Well I wish I had read this yesterday, but no matter, another wonderful piece of writing, like a poem with a bit of the profound turning up toward the end. I'm glad Mikey came back and also glad your mom is still with you. You can still hear her actual voice say "don't give up hope" Treasure the sound. I know you do.
.

Kamille H said...

Just... thank you.

Carol from MN said...

each day, each moment fleeting for us all.... a lovely tribute to a difficult situation. ~blessings~

Dawn of LaTouchables said...

I'd love to give that cat a hug--he's adorable, and no wonder you spent time squeezing his paws.
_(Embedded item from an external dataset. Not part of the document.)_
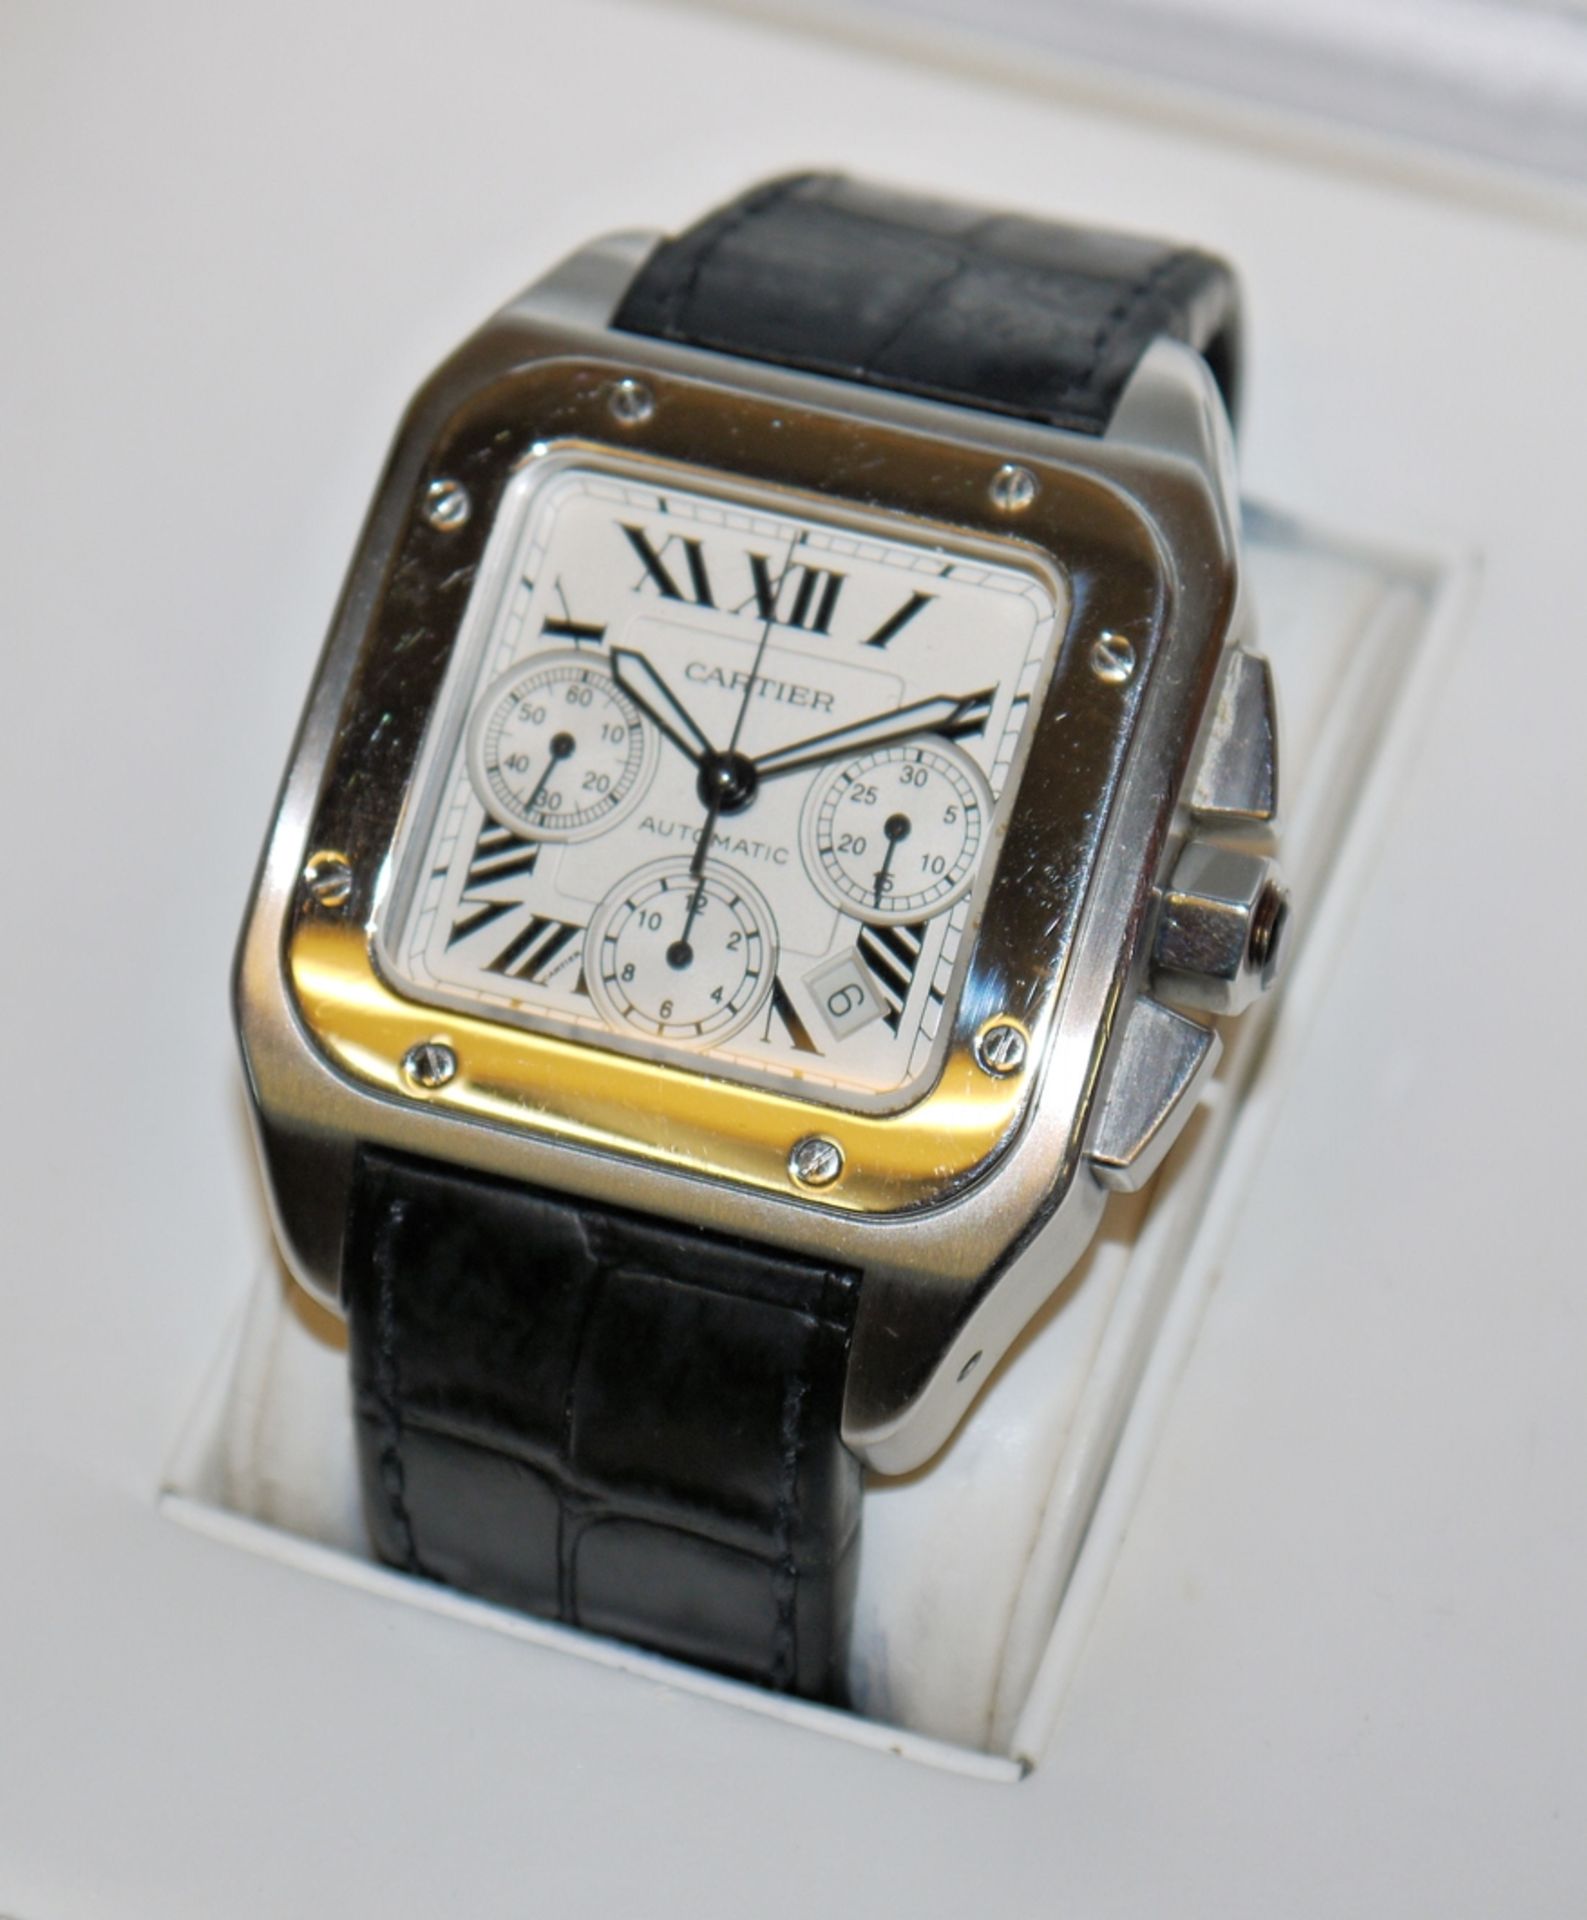 Santos de Cartier 100 XL, automatic men's chronograph 2740 from 2006 - Image 2 of 3

Your writing is superb, as always, and your blog a joy to visit.

Tobie said...

Thank you for sharing

Susan said...

Dawn, it's all so ordinary. I want to write something about how it is, mainly so I remember.
Oh, that Mikey. I was ridiculously glad to see him again. I've heard that toxoplasmosis infects us to cause us to like cats inordinately!
What if all our human emotions are just infections? It probably doesn't matter

Velma Bolyard said...

ordinary, and profound. beautifully written.

barbindell said...

thoughtful...beautiful

Hilary said...

Many years ago, my black and white cat, named Stanley, disappeared. It was the middle of winter, and I searched and searched for him. What I didn't know, was that he had befriended the little old lady just up the road, who was sick with cancer. He stayed with her for 3 months, until she died.
Then he came home.
So glad your boy is home. Maybe keep him in at night?
Nah, probably not his thing.

Saskia said...

beautiful (thank you)

Kari R said...

Your story touched my heart in so many ways. Your pictures made me cry. I had a "Mikey", his name was Patches but I called him Roo (short for Patcheroo). He was the funniest, silliest, loveyist cat ever. Orange tabby, just like yours. A storm came up, wind blowing, rain pouring. I ran around the yard trying to find him and his sister, Lilly. No Roo, but Lilly happily went in the barn for shelter. An hour passed, no Roo. Calling, calling and calling for him. I believe the wind and rain had him confused. He unsuccessfully crossed the road. Tears poured down my face with the rain as I picked him up and carried him home...back by the barn to his final resting place. I miss his silly self everyday. My heart broke for Miss Lilly. That was about a month ago. Miss Lilly was a quiet girl, standoff-ish, never meowed. She is now my lover cat, meows all the time. I walk out the door, she comes running to me. (Thankfully she is deathly afraid of the road). We got each other through a rough month. She is an outdoor cat, but I put her in the barn at night...I can't bear the thought of something happening to her.
Enjoy every moment with Mikey. I would give anything to watch Roo dig in the snow, climb the trees, terrorize the birds, purr so loud you can hear him from 10 feet away, sleep in my arms and protect his sister. I think Roo and Mikey share the same spirit.

Susan said...

Kari, I'm so sorry about your Patcheroo. We know our animals so well, and there is such an empty place when they're gone.
Susan

Karen Barbé said...

Well Mikey, you did give your mom a good scare, didn't you?
So glad this had a happy ending, Susan <3

Susan said...

Karen, Maybe, maybe not. Since he came home he has spent a lot of his days trying to fight with a stray cat. I think he was away at fight camp! He had boy-cat surgery when he was still a young cat, and I hoped he wouldn't want to fight. Sigh.

MODERN COUNTRY said...

I enjoyed this story so much, beautifully written.

Oh joy, I am so glad your best cat came home !! The cats, I love them so very much, I have two, mummy and a very cheeky one. I have a favorite too, but never make an obvious difference when they are both there.

Susan said...

Modern Country, thank you for reading! I loved Mikey best because I thought I'd never have him back again. He was suddenly the most precious, only one I wanted. Once he was safely home again, I began noticing all his faults again.